José Sarney está afiado na memória, não estivesse ele ultimando as derradeiras páginas de uma visita literária ao seu período de governo. Preocupado em universalizar o acesso à saúde pública, como determina a Constituição Federal por ele assinada em 1988, determinou ao Ministério da Previdência e Assistência Social desenvolver um programa, chamado Suds. Nos governos seguintes, foi aperfeiçoado até chegar ao SUS atual, tão maltratado nos últimos tempos.
Ele atende o telefonema de uma senhora agradecida.
— Meu marido se endividou todo! Perdemos tudo. Só não perdemos a casa porque o senhor fez uma santa lei que não deixa o Estado se apropriar do bem imóvel único dos devedores.
Na varanda, o brigadeiro da reserva Durães puxa conversa sobre a amizade Brasil-Argentina:
— Devemos ao senhor o fim das disputas hegemônicas com a Argentina. Imagine que, quando fiz o curso de Estado-Maior, ainda se estudava a “hipótese de guerra” nas aulas de geopolítica.
— É verdade, brigadeiro. Eu e o Alfonsin [presidente da Argentina] firmamos um pacto de desnuclearização do Cone Sul, no momento em que militares dos dois países pensavam em desenvolver a bomba atômica apesar de signatários do Tratado de Tlatelolco.
Brindamos ao grande feito pacifista, não com a taça de vinho, tradição nas conversas da varanda. É que nos últimos três domingos, o presidente inventou de preparar, ele mesmo, na cozinha, um coquetel à base de tequila e suco de tomate.
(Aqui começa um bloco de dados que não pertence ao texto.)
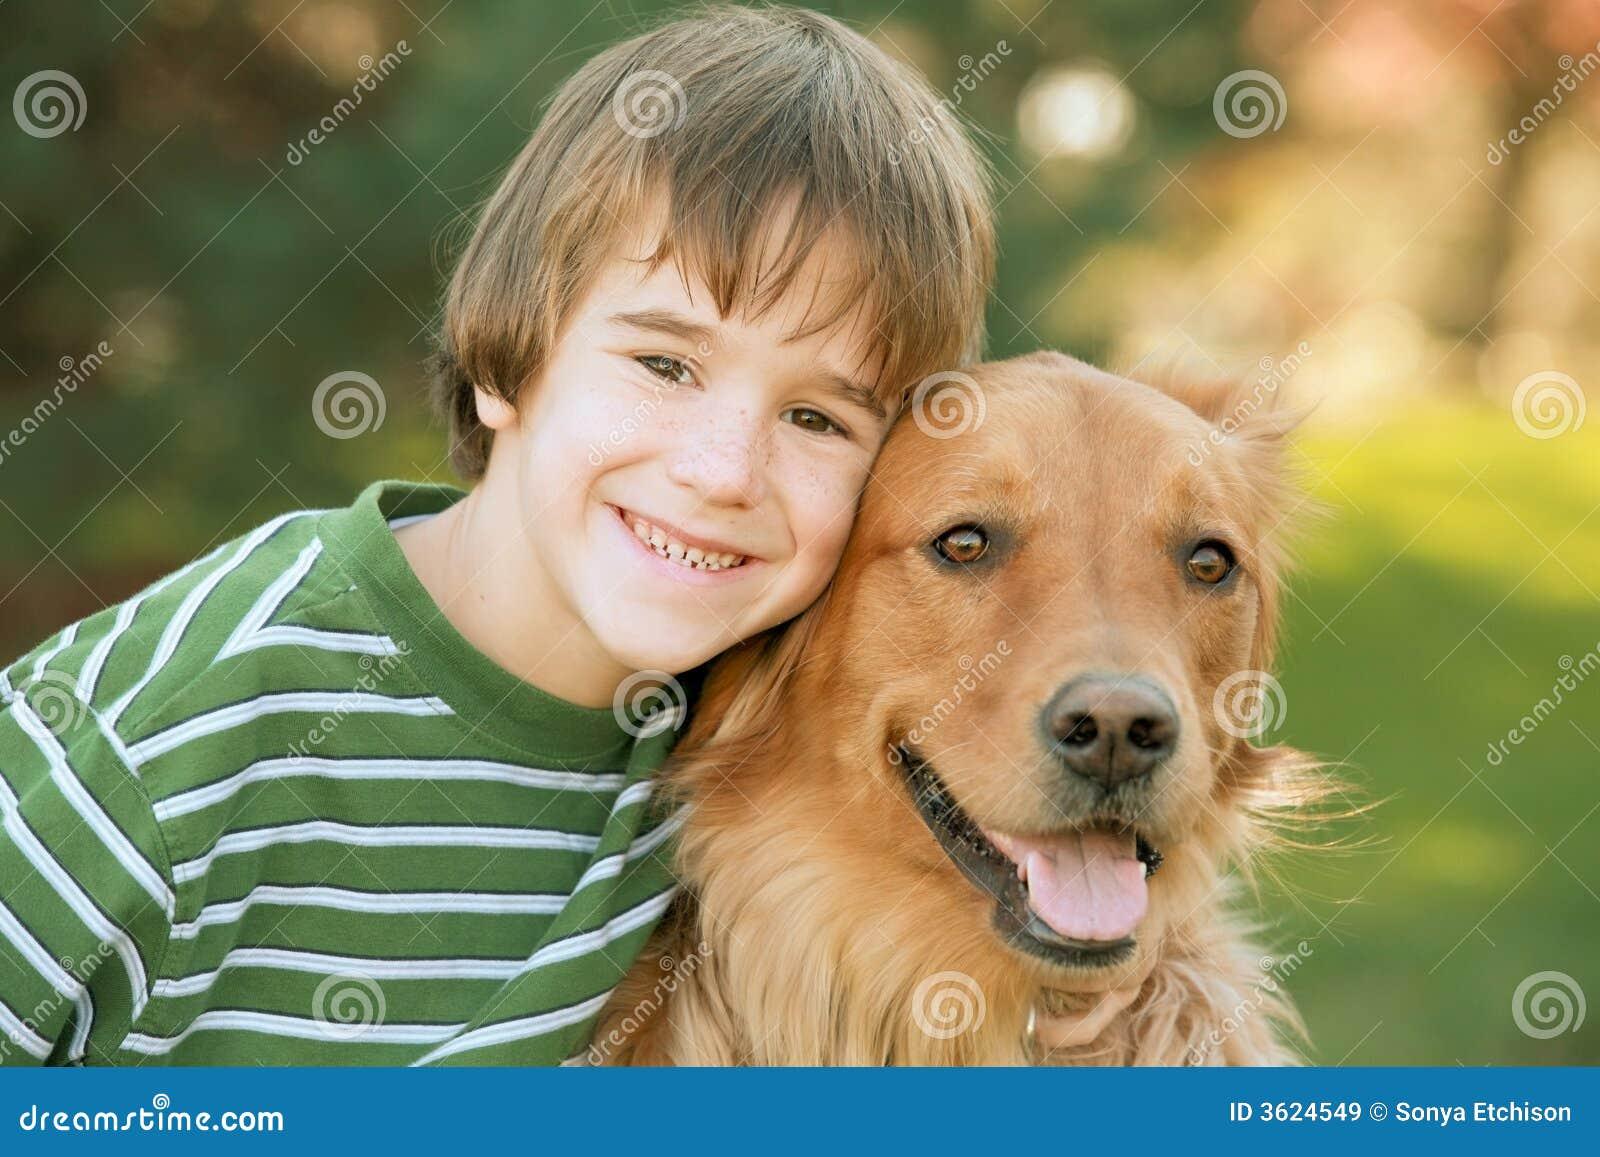 Boy with Golden Retriever

Aprendeu a receita com Miguel de la Madrid, presidente do México, na mesma época em que Sarney exercia o seu governo com moderação e equilíbrio. Excelente o coquetel: Sarney sabe como amenizar a bomba nuclear da tequila.
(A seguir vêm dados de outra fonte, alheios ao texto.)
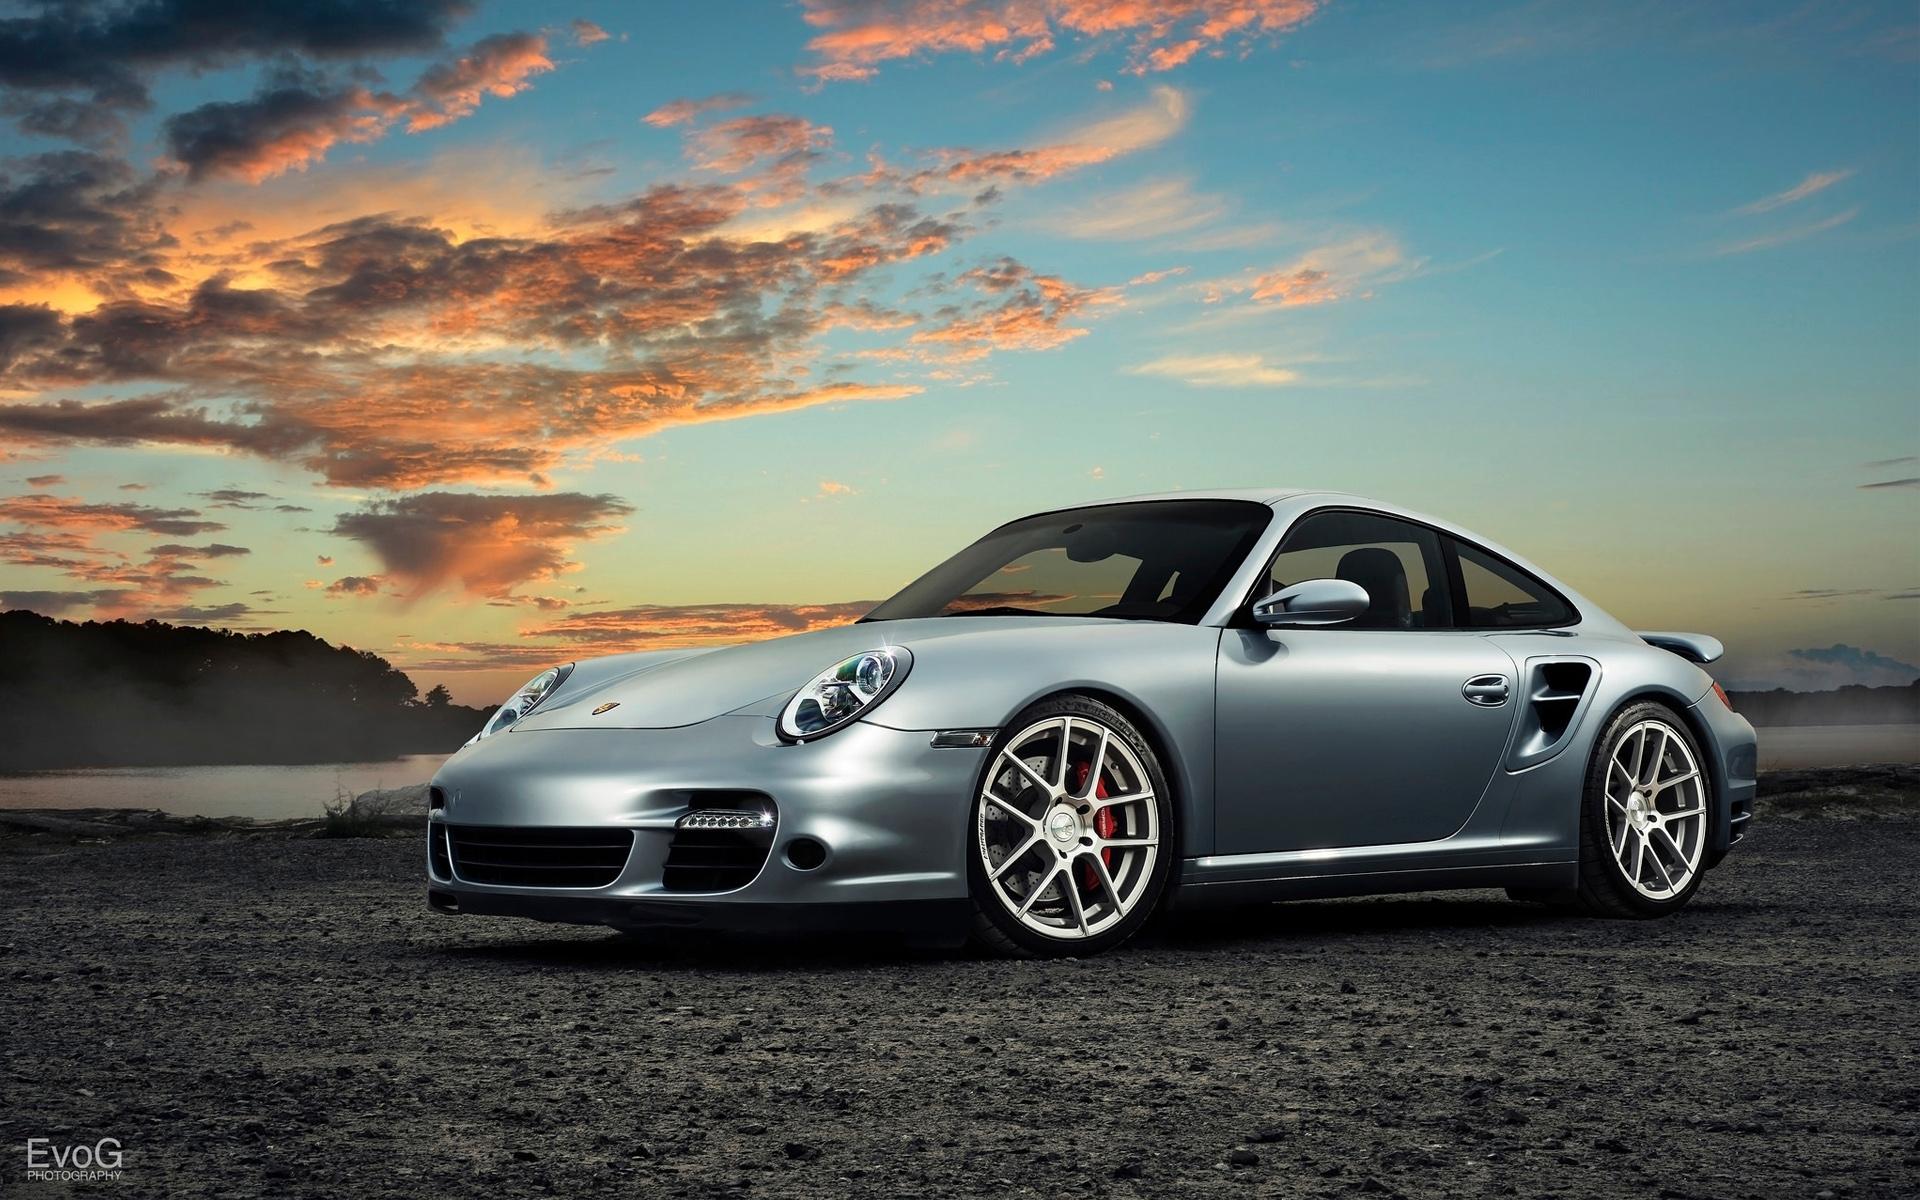 porsche 911 turbo avant garde - 2015 Porsche 911 Turbo Wallpaper

As conversas dominicais da varanda, testemunhadas pelo autor destas linhas, prosseguem nos dias úteis da semana, sem a presença do amigo enxerido na sala de visitas, para onde acorrem os necessitados de — não diria conselhos — necessitados de uma palavra sensata, harmoniosa, aquela do significado do número 2.
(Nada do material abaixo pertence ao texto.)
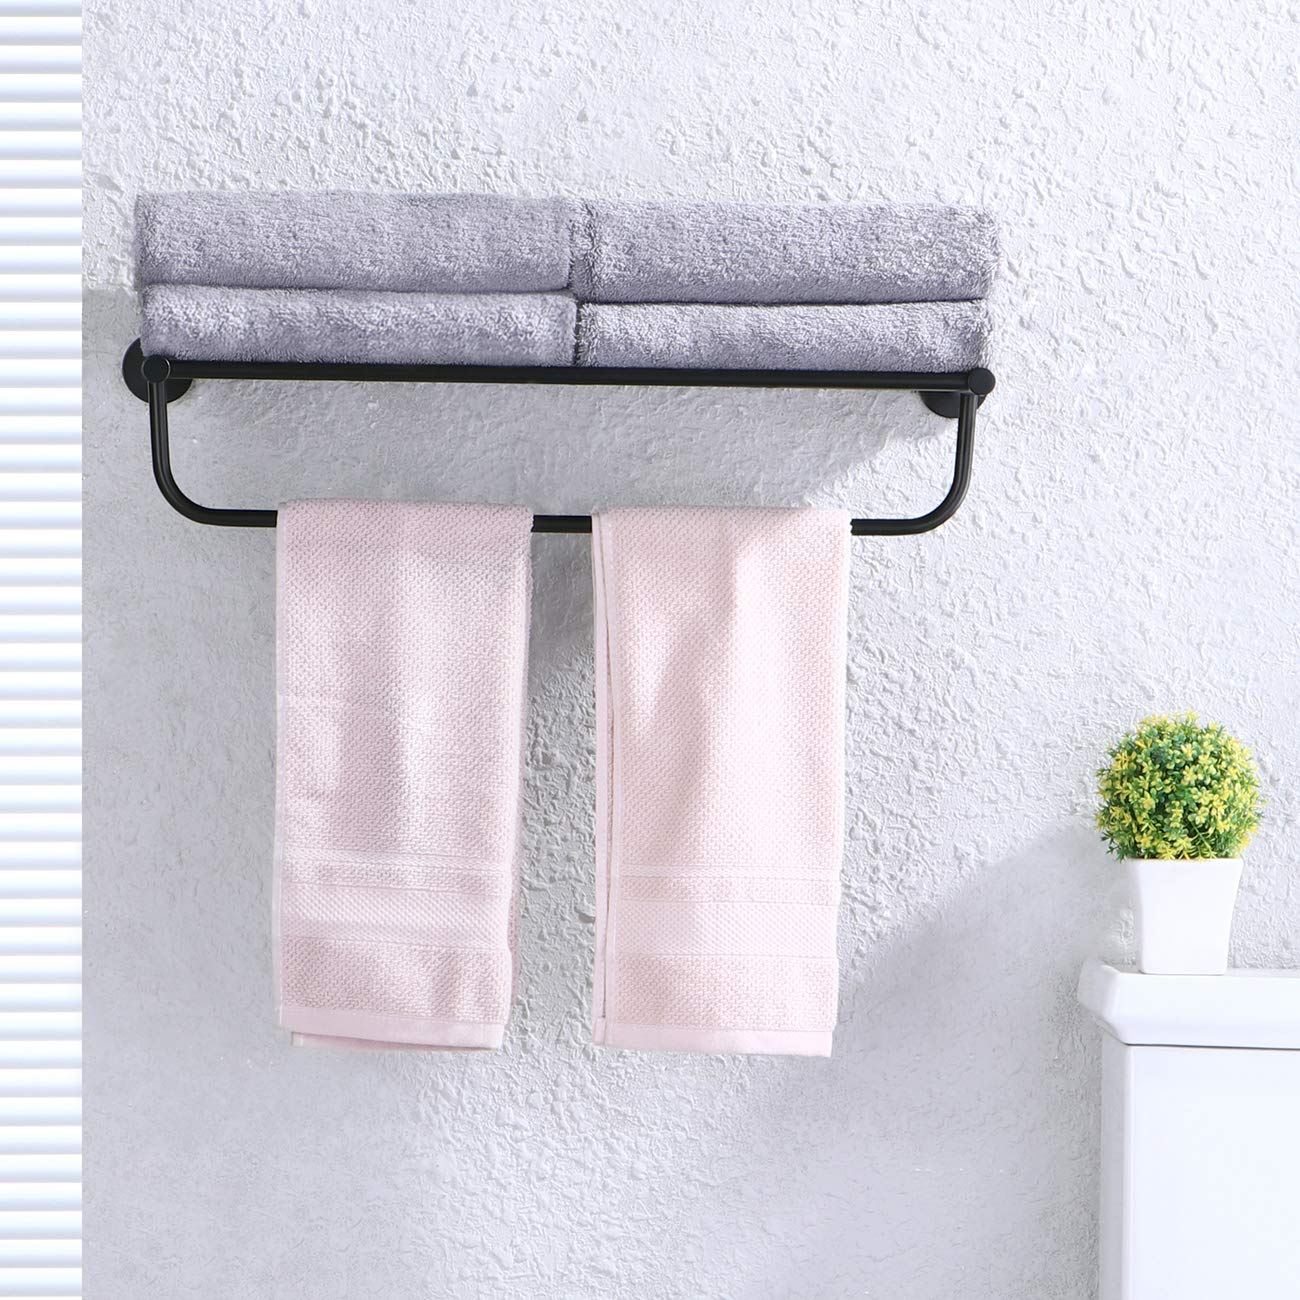 Amazon.com: KES A2110 - Toallero minimalista con barra ...

Quando saio de casa para dar minha caminhada matinal e passo diante da casa de Sarney, conto os automóveis estacionados na porta dele, alguns com placa de bronze. Puxa! Quanta gente carente neste país! E José Sarney, nas pegadas do seu venerado Padre Vieira, derrama generosidade sobre todos, em comunhão nacional.